The court acknowledged that “the Fourth Amendment protects individuals from unreasonable searches conducted by the Government, even when the Government acts as an employer.”[4] Sotomayor went on to clarify that “[t]he ‘special needs’ of public employers may, however, allow them to dispense with the probable cause and warrant requirement when conducting workplace searches related to investigations of work-related misconduct.”[5] Finally, Sotomayor stated that “[a] public employer’s search of an area in which an employee had a reasonable expectation of privacy is ‘reasonable’ when ‘the measures adopted are reasonably related to the objectives of the search and not excessively intrusive in light of’ its purpose.”[6]

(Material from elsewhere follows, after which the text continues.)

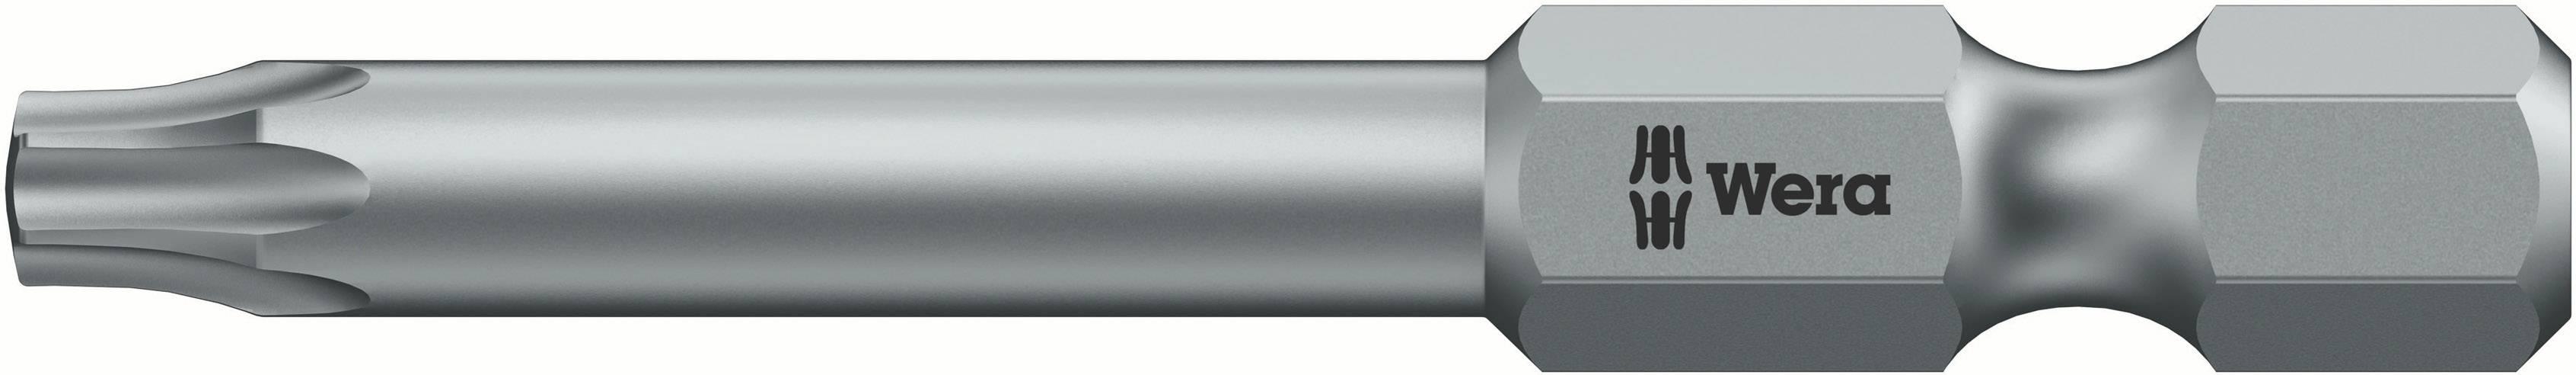 Prodloužený bit Torx 70 mm - T 06

In this context the Second Circuit ruled the DOT’s search of an employee’s office computer to be justified at its inception and reasonable in its scope – finding that “the searches of his computer were ‘reasonably related’ to the DOT investigation of allegations of [plaintiff’s] workplace misconduct.”

[1] Storey v. Cello Holdings, L.L.C. 347 F.3d 370 (2d Cir. 2003).
[2] Mattel, Inc. v. Barbie-Club.com, 310 F.3d 293 (2d Cir. 2002).
[3] Leventhal v. Knapek, 266 F.3d 63 (2d Cir. 2001).
[4] Nat’l Treasury Employees Union v. Von Raab, 489 U.S. 656, 665 (1989).
[5] Citing O’Connor v. Ortega, 480 U.S. 709, 719-26 (1987) (plurality opinion); id. at 732 (Scalia, J. concurring).
[6] Citing O’Connor, 480 U.S. at 726 (plurality opinion) (internal quotation marks omitted).